I've been searching for a 44-46" registered classic Shetland already trained to ride and have been coming up empty handed. Are there any farms that specialize in produce riding ponies?


----------



## txminipinto (Mar 9, 2009)

Yes, Jill Comfert of Comfert Shetlands produces riding ponies. There are others as well.


----------



## disneyhorse (Mar 9, 2009)

Shetlands make wonderful riding ponies! I am sure you will find one.

Try this farm

Try here, too

Andrea


----------



## Leeana (Mar 9, 2009)

Seeing that you are in MI, first thing that comes to mind is Arlene has a nice king lee son (gelding) that looks like a real nice riding pony and i believe she had him at a parade last year too but may be mistaken? Andrea already provided you with a link i see.
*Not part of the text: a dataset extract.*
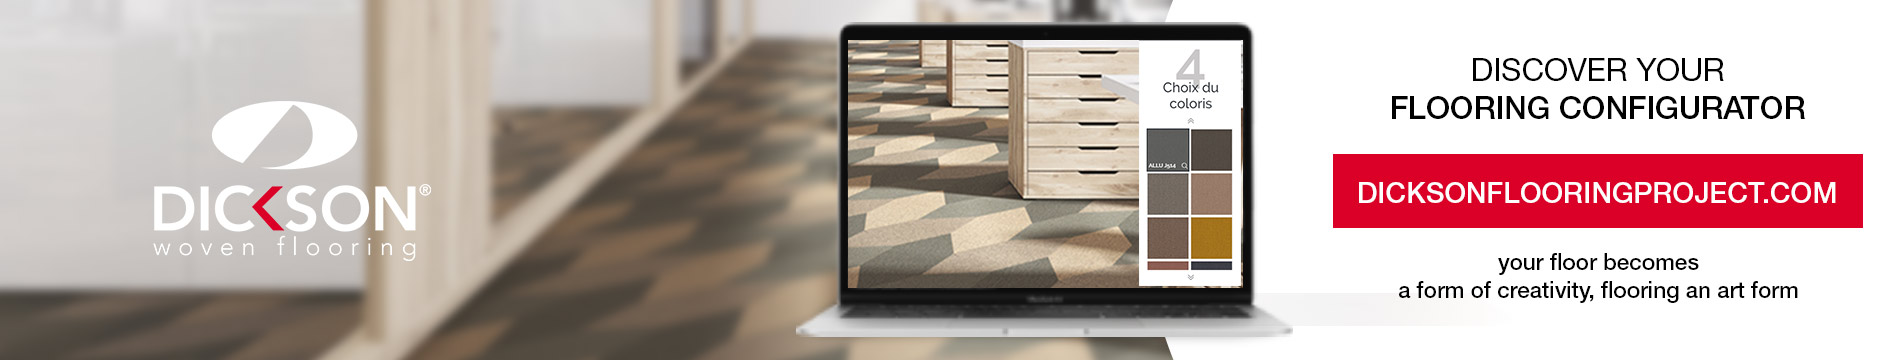 Dickson flooring project

Taylors always have some nice kids ponies in their sale too that are trained to ride and real safe and about in that height range. Their sale is in may, www.taylorponyfarm.com


----------



## TomEHawk (Mar 10, 2009)

I do have a two year that I'm starting now. He is a soon to be a gelding and will be around 45". We've turned out a few good riding shetlands.


----------



## Tammy C (Mar 10, 2009)

We too are looking for a riding shetland or an all round (ride and drive) I have a 6 year old little girl not afraid of nothing that is riding her 37 inch AMHR mare and is out growing her fast we retired our old pony but she wants a shetland to go to the congress and the world last year was her first year showing her mare and did great we have a couple ASPC/AMHR from Filipowicz Farms and we are going to show but are young ones. Would like one to show now searching mom.........


----------



## TomEHawk (Mar 10, 2009)

Amy Roberts has a foundation gelding that is very good looking. Good enough to compete for grand champion at the Congress. He is broke to drive and ride. Her girls have used him in halter classes, costume classes and riding classes. And has won all these classes at the Congress. He would need a little work under saddle, but would make a great all around pony for any youth or amateur.


----------



## Keri (Mar 11, 2009)

Putting want ads out will help. Do several boards if possible. But don't expect these ponies to be cheap! They are a real treasure to have around!! I know when I was looking, Larry Parnel had a gelding that was rideable with a lady in California. She had a bunch of kids that take ponies out and show. And his pony was there being shown (but still owned by him).


----------